Mescolano la poesia con l’indie music influenzato da leggere venature jazz ed il risultato è stupendo.
Canzoni e suoni molto dolci dal retrogusto malinconico, intimo.
Sono 10 canzoni per un totale di 39min che mi sono goduto veramente
fino all’ultima nota.
Dategli una chance e non ve ne pentirete.

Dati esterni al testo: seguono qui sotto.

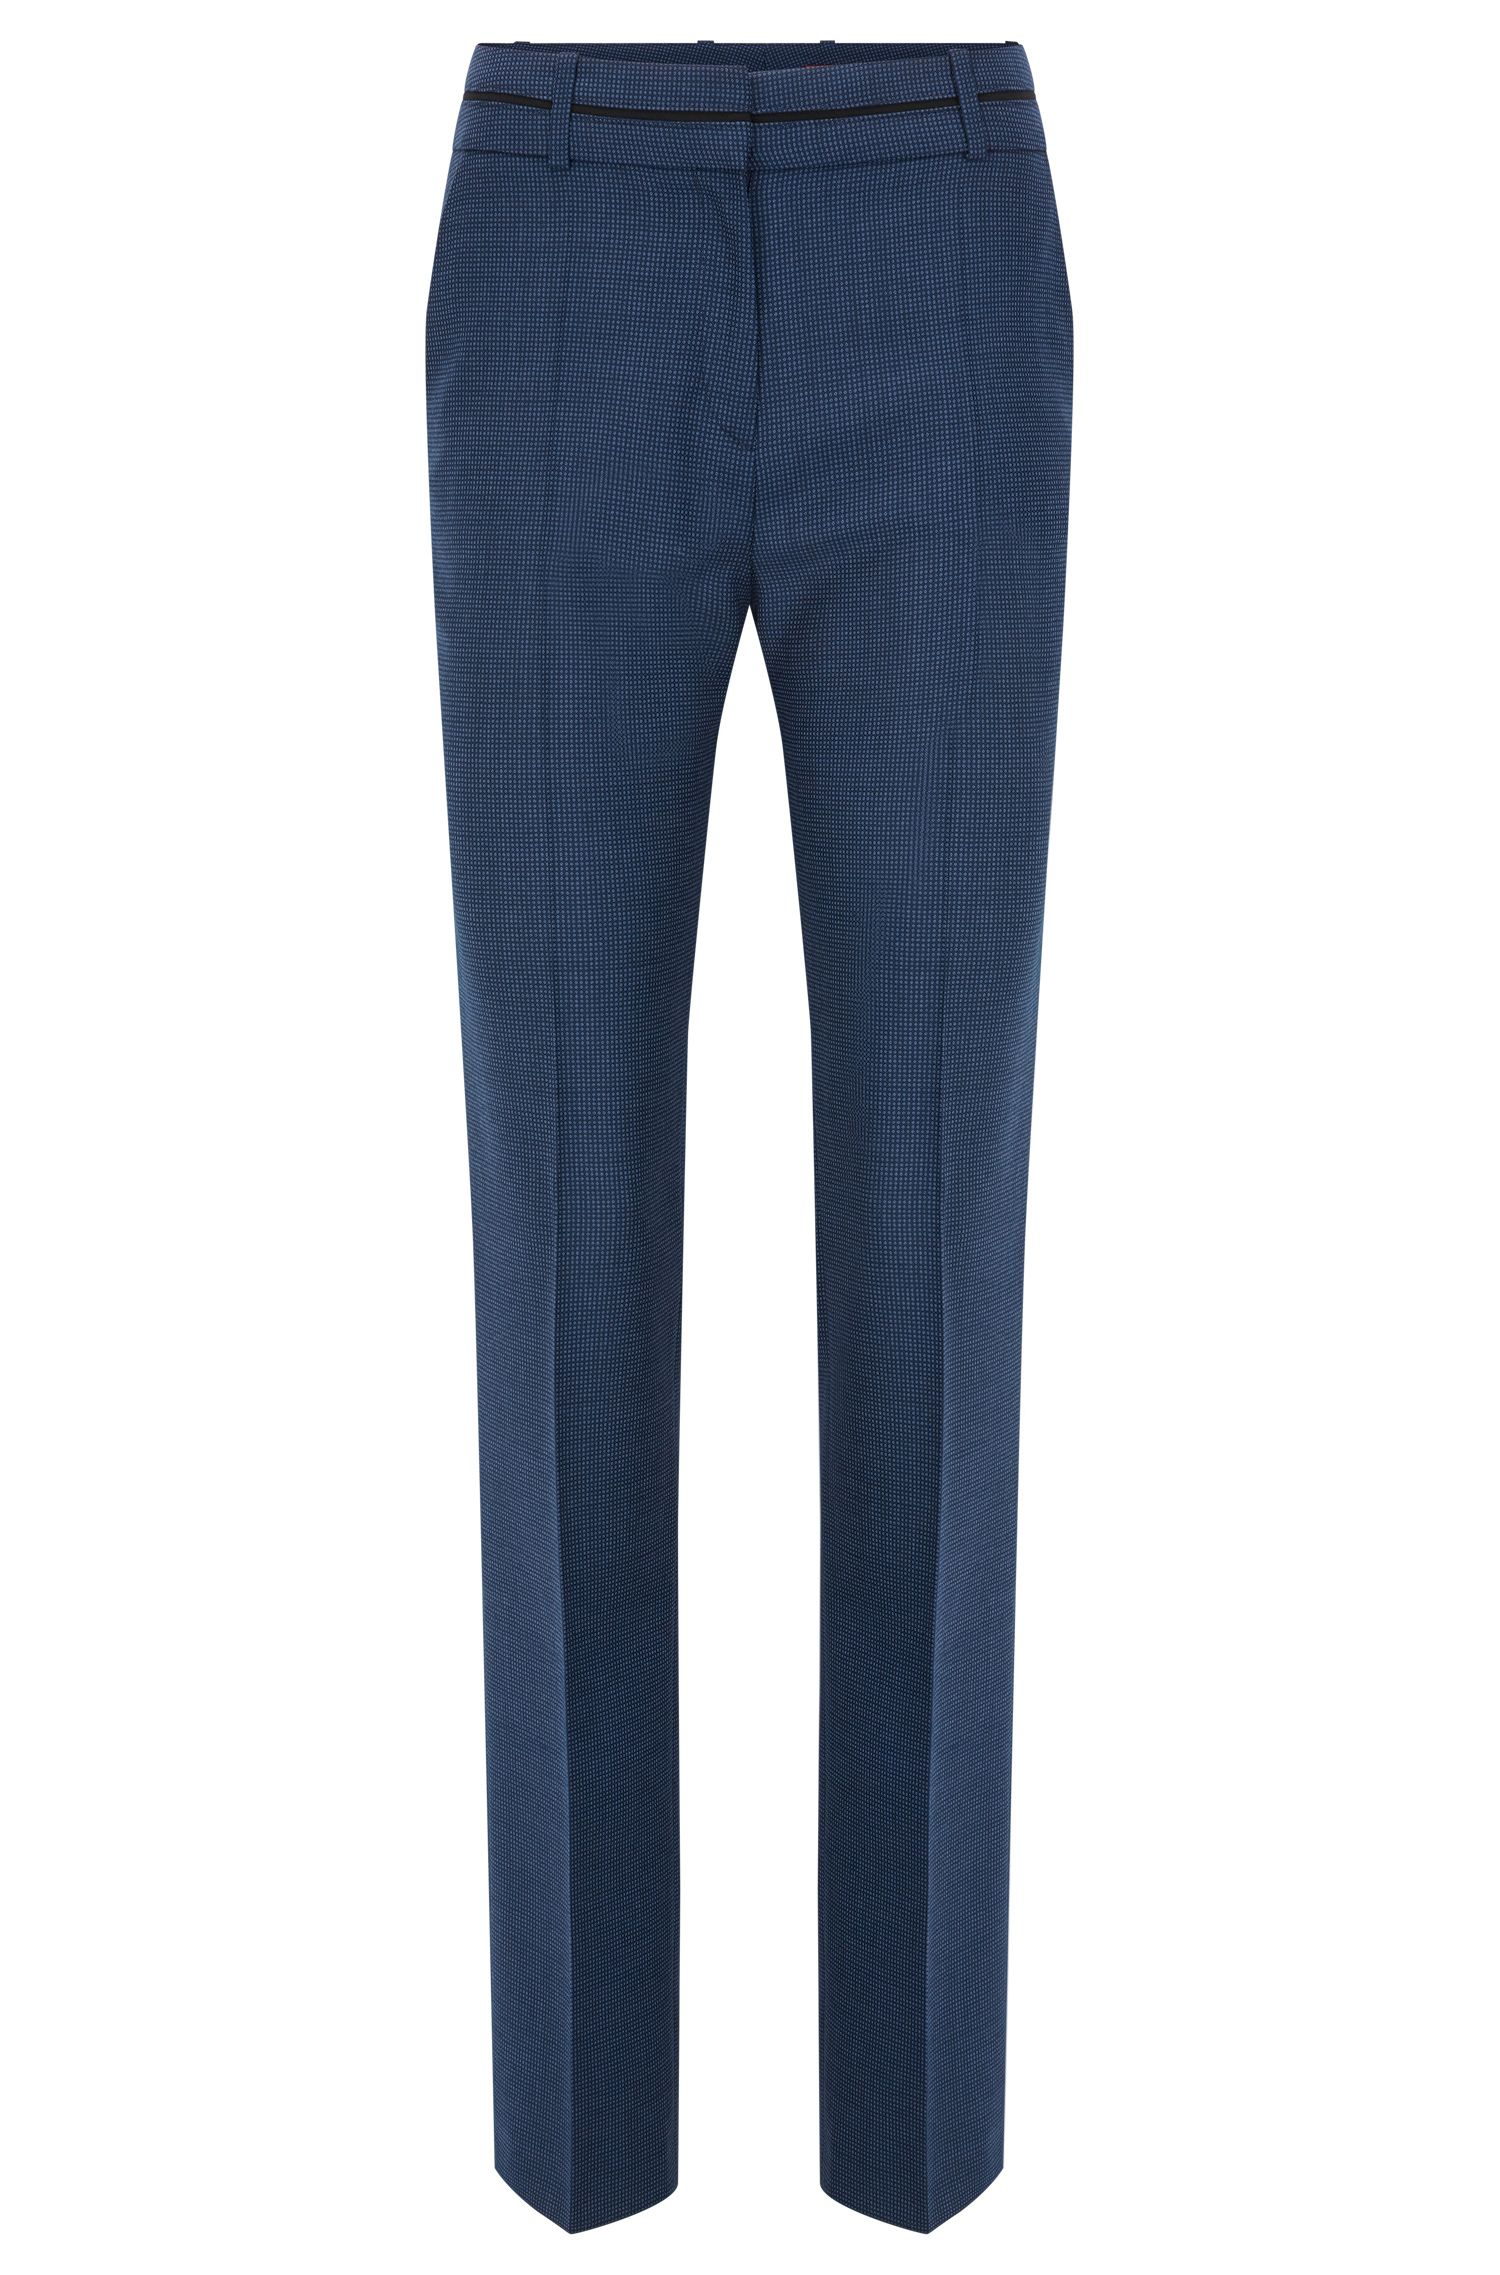 Regular-fit trousers in patterned virgin wool

Molly – Picturesque [austria]

Può un duo austriaco tirare fuori un bell’album post-rock/shoegaze/dream-pop?
Chiaro che la risposta è sì, sennò mica stava in questa lista di album.
Sono solo 6 tracce ma dura in tutto 46 min, questo vi fa capire un po’ il senso di questo genere dove la musica necessita
di avere un certo respiro.
I Molly riescono nell’impresa di dare una intensità ed un’energia che non ha nulla da invidiare alle band più famose del genere.

Gaz Coombes – Turn The Car Around [inghilterra]

L’ex Frontman dei Supergrass in queste 9 tracce probabilmente ha messo tutto ciò che ha provato in questi anni.
Proprio come in un film puoi percepire gli alti e bassi, le gioie e i dolori,
i dubbi, sia nei testi ma anche nel modo in cui le canzoni sono state arrangiate.
C’è un filo rosso che collega le tracce ed è una sorta di speranza, come quando cerchi di automotivarti a non mollare
e a non lasciarsi andare.
Proprio come nei film tocca a voi immedesimarsi o meno e farsi guidare in questo viaggio da Gaz.

The Murder Capital – Gigi’s Recovery [irlanda]

Ve lo dico subito, se avete il tempo di ascoltare un solo album vi consiglio proprio questo.
Il mondo “new post-punk” ci sta regalando degli album di un livello altissimo.
La band irlandese riesce però a fare un passo in più, pur seguendo quella wave portante la modellano per renderla meno
spigolosa e dare un nuovo volto a questo genere.
Melodie, fiati, campionamenti, le linee vocali non monotone, composizioni che non sono mai banali o ripetitive, una ritmica
che fa veramente la differenza e quella nota di traverso che non ti fa stare mai comodo.
Un mix di sentimenti sbattuti a forza dentro un barattolo che viene poi shakerato e appena lo apri ti becchi in faccia questo
pugno di emozioni.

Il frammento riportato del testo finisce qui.